Narendra Modi is set to visit Donald Trump as early as next week after India reportedly began taking back illegal immigrants deported by the US.
The Indian prime minister spoke with Mr Trump on the phone after his inauguration as the US president last month. After the 27 January call, Mr Trump said Mr Modi was “going to be coming to the White House in the next month, probably in February”.
Mr Modi would be among the first world leaders to meet the new president. Israeli prime minister Benjamin Netanyahu became the first foreign leader to meet Mr Trump at the White House on Tuesday.
The Trump administration began deporting illegal migrants from India on Tuesday as part of a wider crackdown on illegal immigrants in the country. An unnamed US official told Reuters that an American military plane had departed for India with migrants but would not arrive for at least 24 hours.
As part of his escalating crackdown on illegal immigration, which fulfils a key campaign promise, Mr Trump has closed the asylum system to people lacking proper documentation, assigned the military to deport immigration violators, and given deportation officers authority to target the majority of unauthorised immigrants, even those without criminal records.
The Pentagon said last week that US military planes were flying out about 5,000 immigrants held in El Paso, Texas, and San Diego, California. So far, military aircraft have flown migrants back to Guatemala, Peru and Honduras.
The Indian government has indicated a willingness to cooperate with the Trump administration in identifying and repatriating its citizens who are living illegally in the US in a bid to avoid a diplomatic or trade war with Washington. They have already identified 18,000 such people, sources told Bloomberg.
The Pew Research Center estimates there are around 725,000 undocumented Indian migrants in the US, making them the third-largest group of illegal immigrants in the country after those from Mexico and El Salvador. A 2022 Department of Homeland Security report said around 220,000 Indians were living in the US without authorisation.

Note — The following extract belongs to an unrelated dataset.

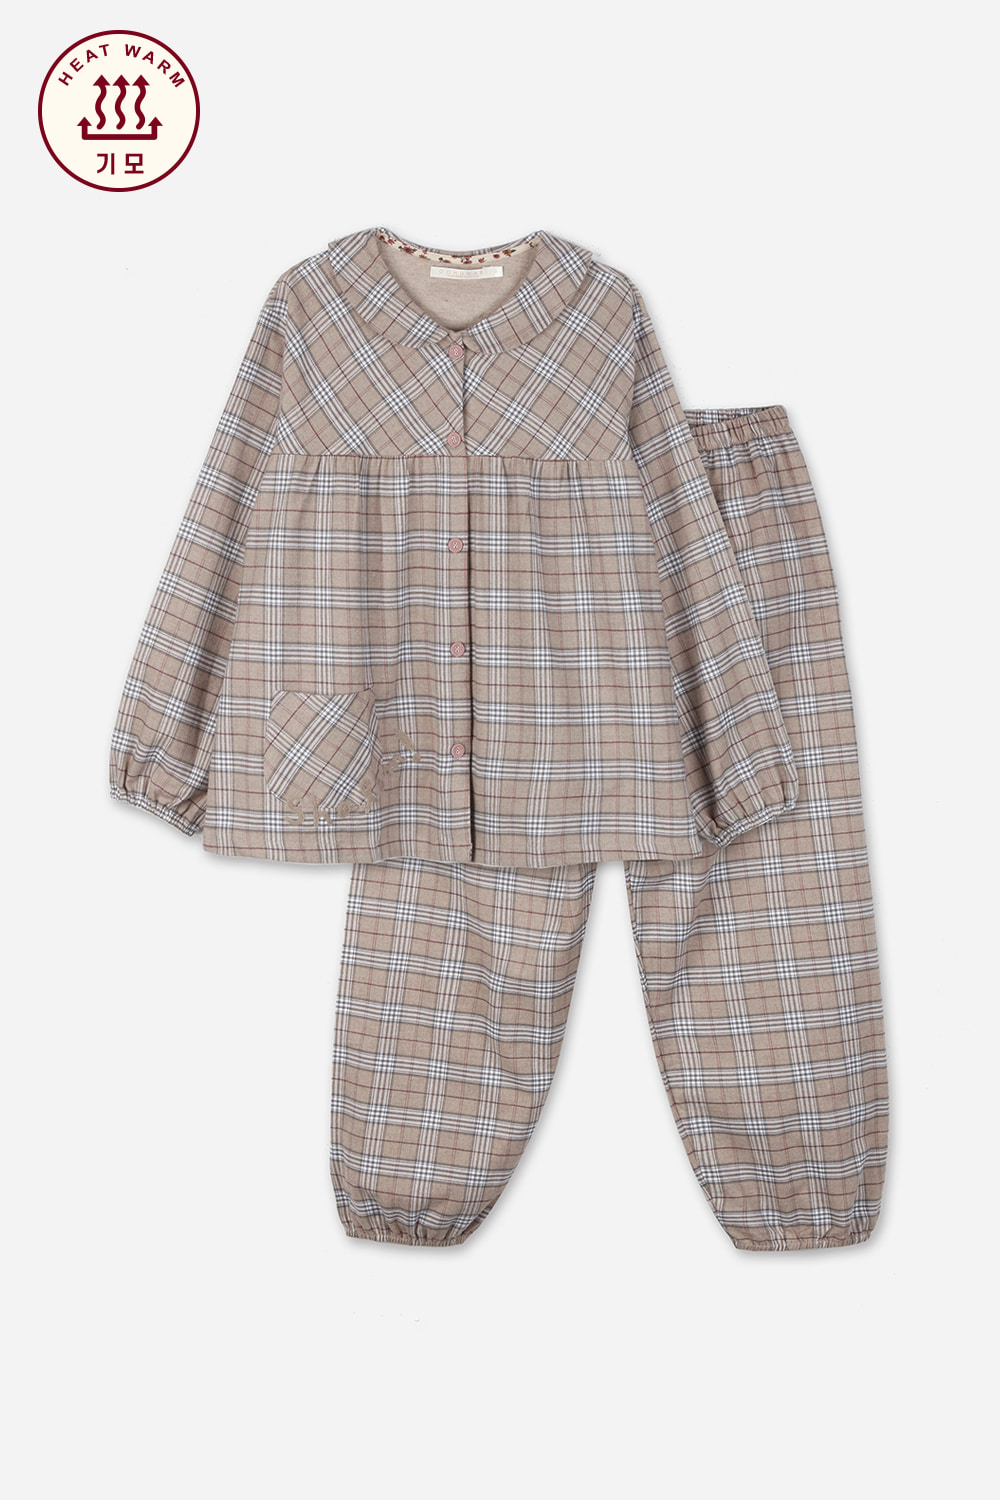 샬롬 여세트3잠옷, 홈웨어, 아동내복, 아동속옷,성인잠옷,고후나비

Mr Modi’s impending visit comes amid mounting concern in New Delhi over a potential trade war with the new US administration. Mr Trump has repeatedly singled out India for criticism over high tariffs, claiming they harm American businesses, and pledged to impose reciprocal duties on goods from the South Asian country.
“If they tax us, we tax them the same amount,” the president said in an interview on Fox News. “They tax us. We tax them. And they tax us almost in all cases and we haven’t been taxing them.”
Mr Trump also threatened to slap a 100 per cent import tariff on countries in the Brics bloc, of which India is a founding member, if they attempted to replace the American dollar for international trade.
Mr Modi shared a warm relationship with Mr Trump during his first term from 2016 to 2020 with the two leaders appearing together at large public rallies in Ahmedabad and Houston, respectively. Trade issues aside, Mr Modi’s ruling BJP has talked up Mr Trump’s November victory as being good news for bilateral ties.
India’s relationship with the US continued to deepen during the Joe Biden administration despite Washington accusing Mr Modi’s government of plotting the attempted assassination of a Sikh separatist leader in America and friction over New Delhi’s refusal to sever ties with Russia over the Ukraine war.
The US sees India as a counterbalance to a rapidly rising China in Asia and the two nations are part of the Quad grouping with Australia and Japan.